The sequence will converge to $0$, if we are not able to find a subsequence $(n_k)_k$ such that $\sin(n_k)$ gets to $0$ so quickly, that it outperforms $n$ in going to $\infty$.
The zeros of $\sin$ are all integer multiples of $\pi$. The question is therefore: how well can we approximate $\pi$ by rationals?

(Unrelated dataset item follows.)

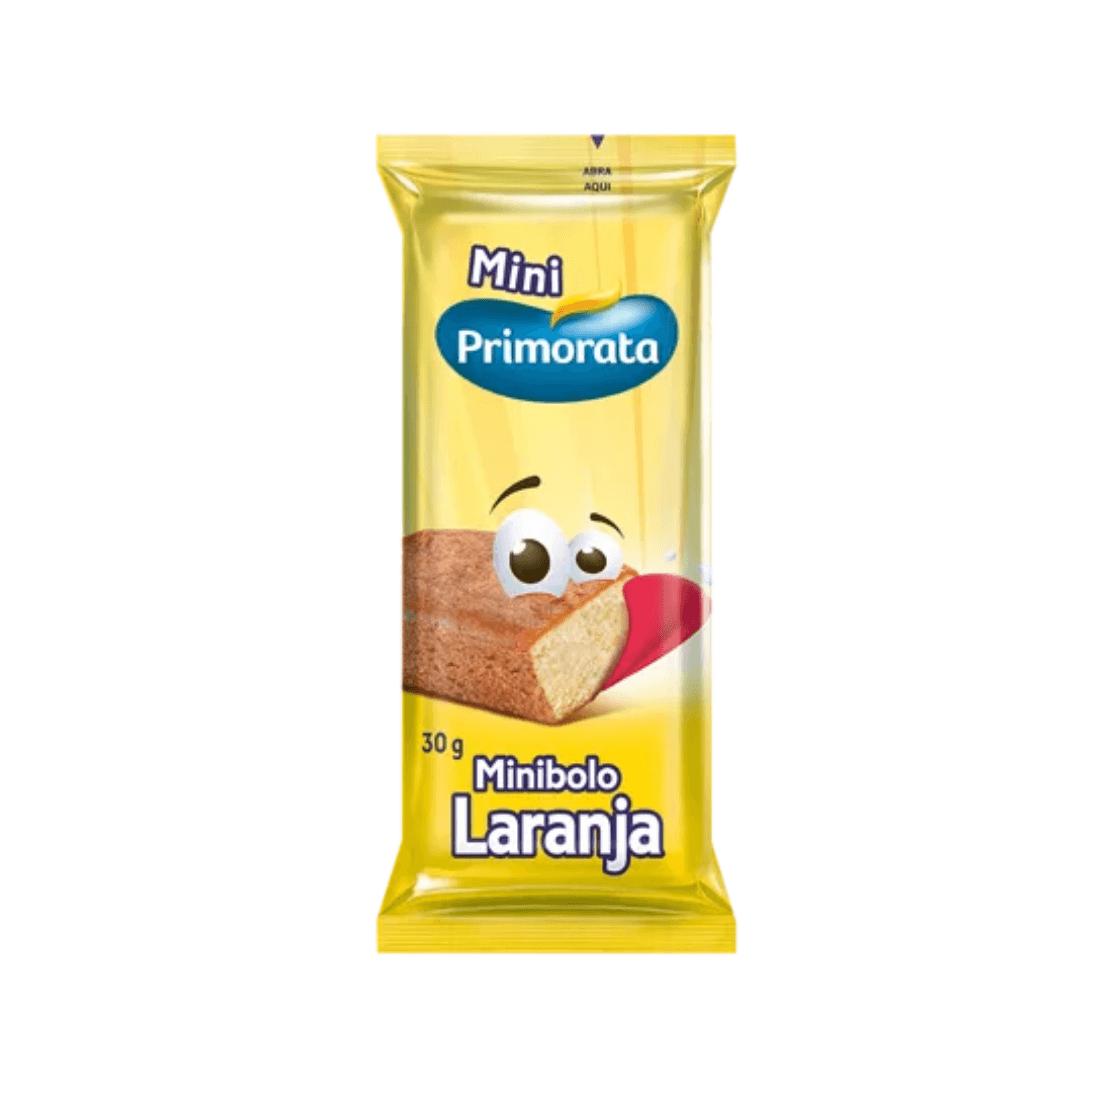 MINI BOLO LARANJA PRIMORATA 30G CAIXA 18 UNIDADES

By Dirichlet's approximation theorem (which is very simple to prove using the pidgeonhole principle), there exists a sequence $n_k\rightarrow\infty$ and $q_k$ such that
$$\left|\frac{n_k}{q_k}-\pi\right|<\frac{1}{q_k^2}$$
Since $|\sin(x)|= |\sin(x+k\pi)|$ and $|\sin(x)|\le |x|$ for $x\in\mathbb{R}$, $k\in\mathbb{Z}$, we have
$$\frac{1}{|n_k\sin(n_k)|}=\frac{1}{|n_k\sin(n_k-q_k\pi)|}\ge \frac{1}{n_k|n_k-q_k\pi|}\ge \frac{q_k}{n_k}\rightarrow \frac{1}{\pi}$$
That means, there is a subsequence that stays away from $0$. But clearly there also is a subsequence $n_k\rightarrow\infty$ such that $|\sin(n_k)|>1/2$ (e.g. approximate odd multiples of $\pi/2$). Then $1/|n_k\sin(n_k)|\le 2/n\rightarrow 0$. Therefore the subsequence converges to $0$.
This yields the
Conclusion: The sequence does not converge.
J.R.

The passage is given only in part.